Luis Chamberlain Feb. 6, 2025, 10:50 p.m. UTC | #2

On Thu, Feb 06, 2025 at 02:27:16PM -0800, Darrick J. Wong wrote:
> Now you've decreased the default blocksize to 512 on sda, and md0 gets
> an impossible 512k blocksize.  Also, disrupting the default 4k blocksize
> will introduce portability problems with distros that aren't yet
> shipping 6.12.

Our default should be 4k, and to address the later we should sanity
check and user an upper limit of what XFS supports, 64k.

Thoughts?

 Luis

Darrick J. Wong Feb. 6, 2025, 11:07 p.m. UTC | #3

On Thu, Feb 06, 2025 at 02:50:28PM -0800, Luis Chamberlain wrote:
> On Thu, Feb 06, 2025 at 02:27:16PM -0800, Darrick J. Wong wrote:
> > Now you've decreased the default blocksize to 512 on sda, and md0 gets
> > an impossible 512k blocksize.  Also, disrupting the default 4k blocksize
> > will introduce portability problems with distros that aren't yet
> > shipping 6.12.
> 
> Our default should be 4k, and to address the later we should sanity
> check and user an upper limit of what XFS supports, 64k.

I don't think it's a good idea to boost the default fsblock size beyond
4k until we get further into the era where the major distros are
shipping 6.12 kernels.  I wouldn't want to deal with people accidentally
ending up with an 8k fsblock filesystem that they can't mount on fairly
new things like RHEL9/Debian12/etc.

--D

> Thoughts?
> 
>  Luis
>

Christoph Hellwig Feb. 7, 2025, 4:30 a.m. UTC | #4

On Thu, Feb 06, 2025 at 07:00:55PM +0000, da.gomez@kernel.org wrote:
> From: Daniel Gomez <da.gomez@samsung.com>
> 
> In patch [1] ("bdev: use bdev_io_min() for statx block size"), block
> devices will now report their preferred minimum I/O size for optimal
> performance in the stx_blksize field of the statx data structure. This
> change updates the current default 4 KiB block size for all devices
> reporting a minimum I/O larger than 4 KiB, opting instead to query for
> its advertised minimum I/O value in the statx data struct.

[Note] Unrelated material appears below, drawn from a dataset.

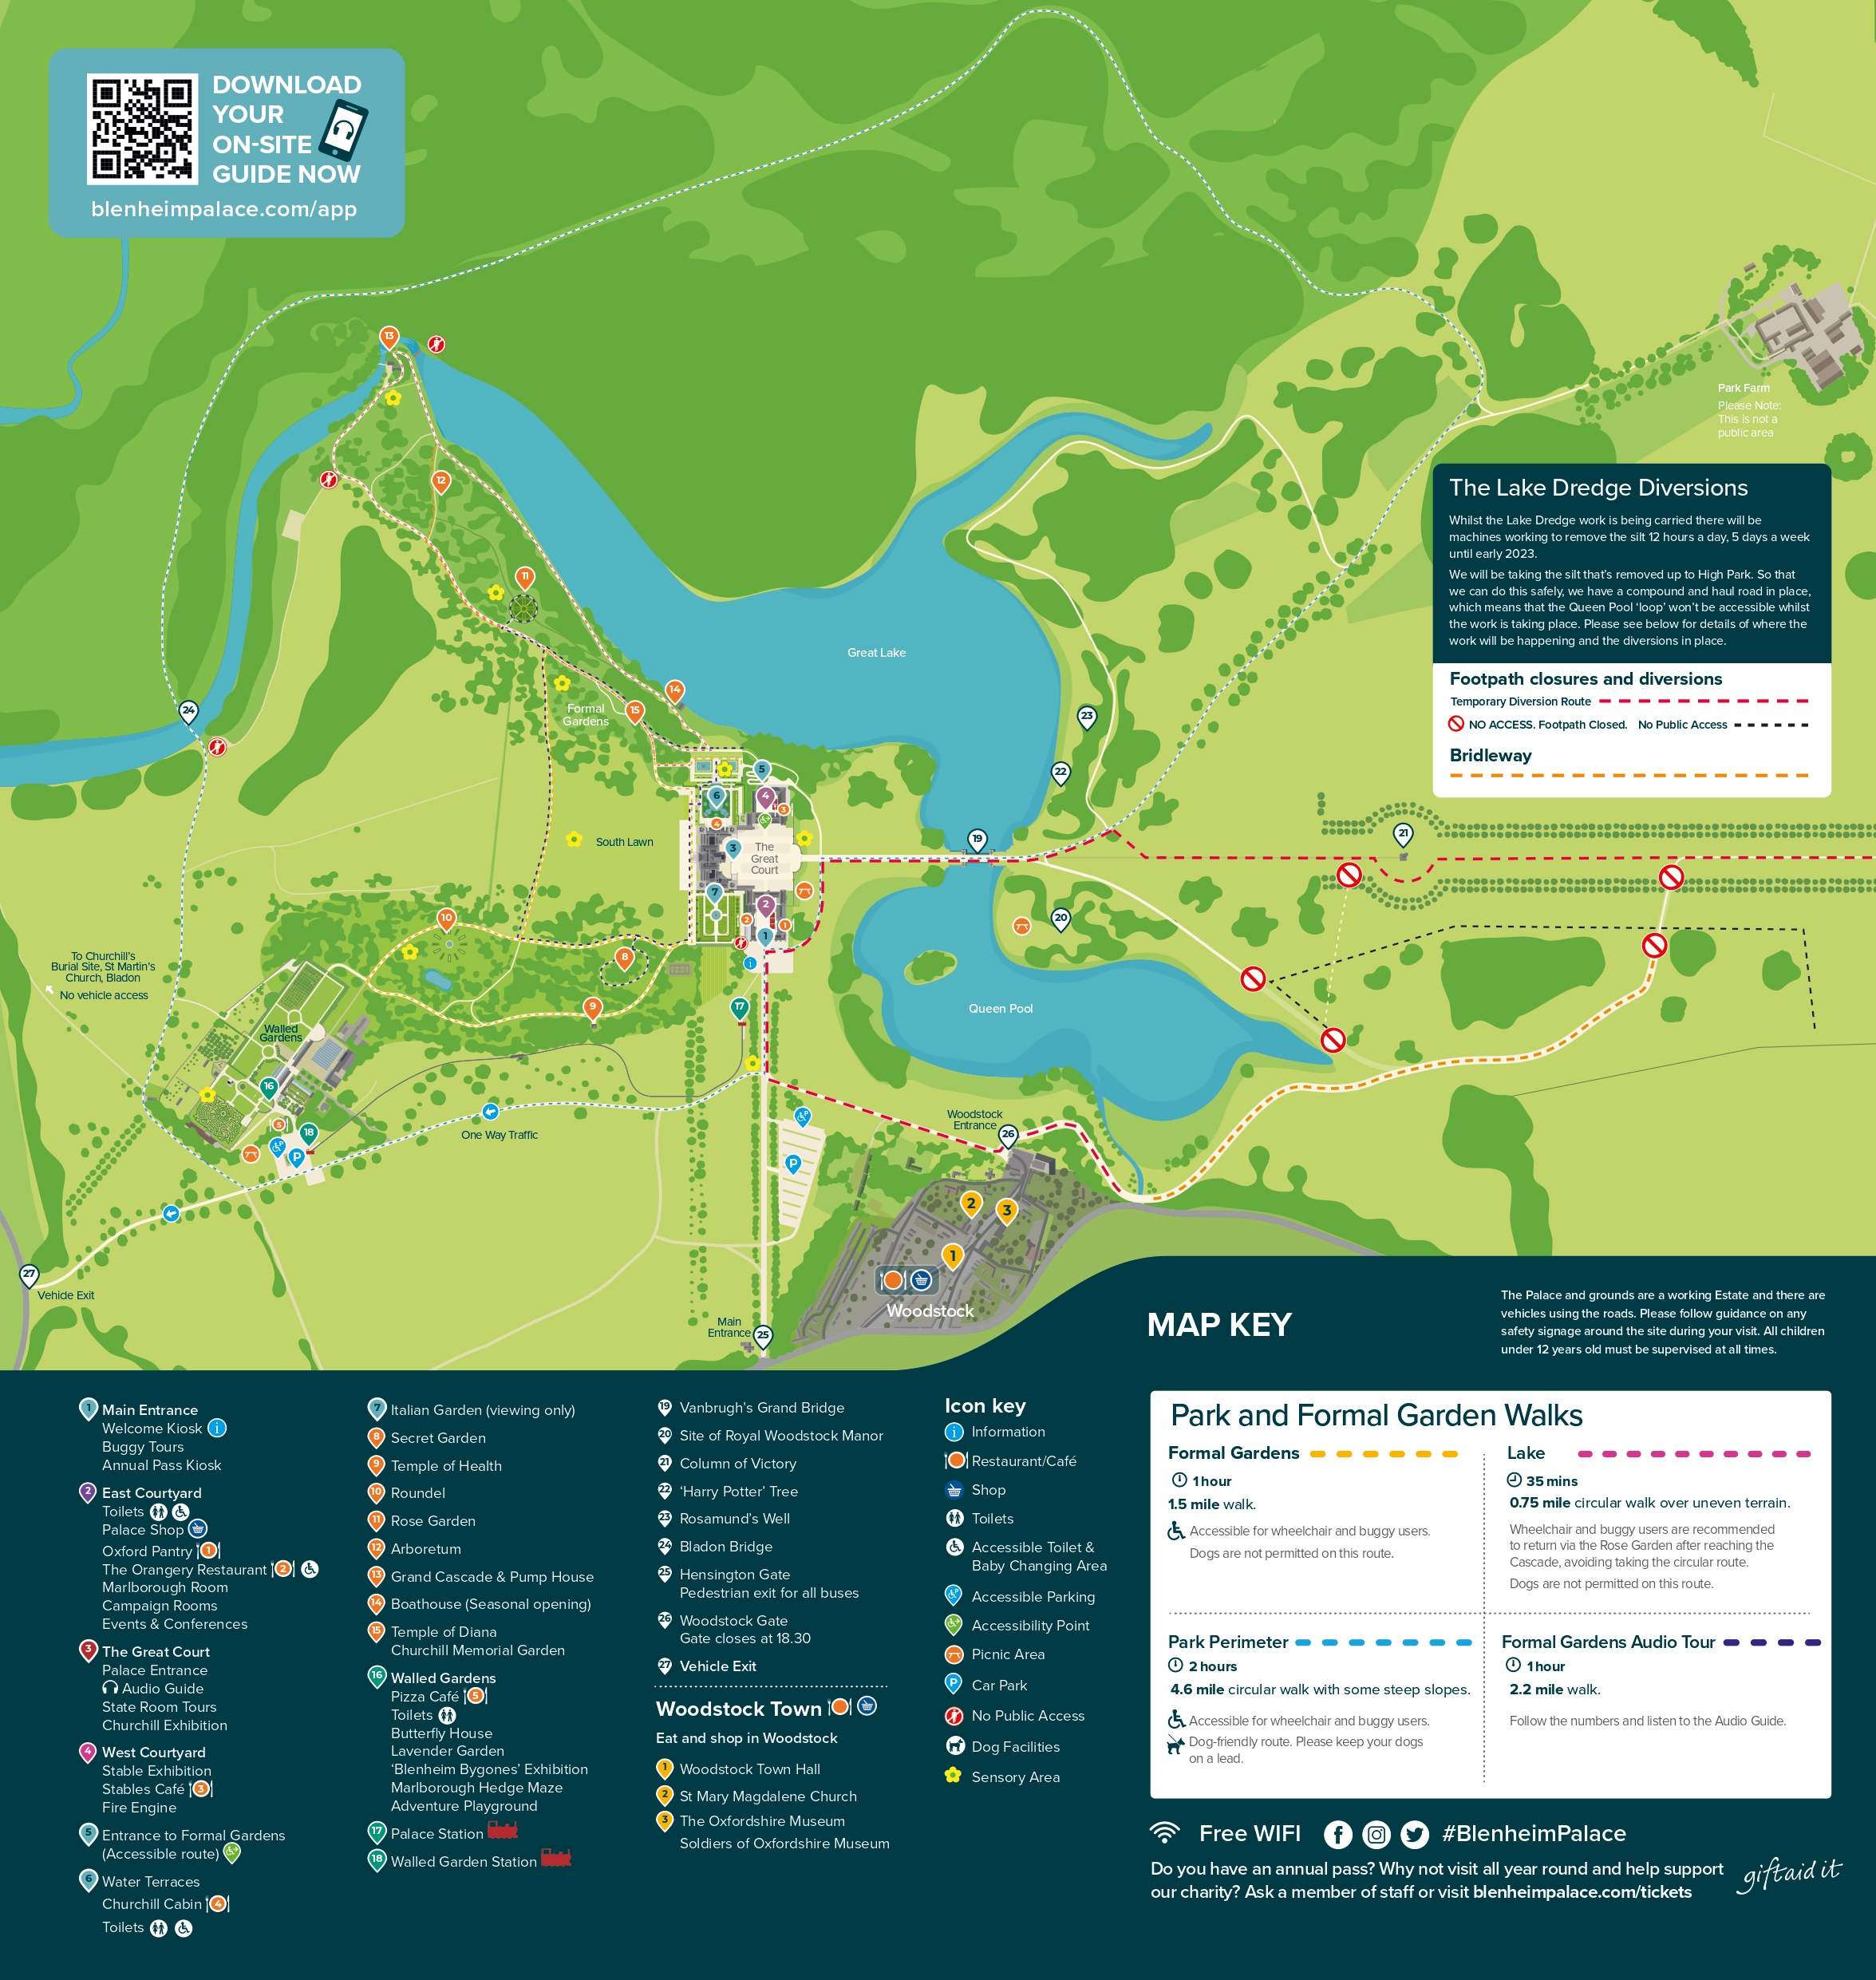 Map of Blenheim Palace and Grounds

UUuh, no.  Larger block sizes have their use cases, but this will
regress performance for a lot (most?) common setups.  A lot of
device report fairly high values there, but say increasing the
directory and bmap btree block size unconditionally using the current
algorithms will dramatically increase write amplification.  Similarly
for small buffered writes.

Daniel Gomez Feb. 7, 2025, 9:12 a.m. UTC | #5

On Thu, Feb 06, 2025 at 02:50:28PM +0100, Luis Chamberlain wrote:
> On Thu, Feb 06, 2025 at 02:27:16PM -0800, Darrick J. Wong wrote:
> > Now you've decreased the default blocksize to 512 on sda, and md0 gets
> > an impossible 512k blocksize.  Also, disrupting the default 4k blocksize
> > will introduce portability problems with distros that aren't yet
> > shipping 6.12.
> 
> Our default should be 4k, and to address the later we should sanity
> check and user an upper limit of what XFS supports, 64k.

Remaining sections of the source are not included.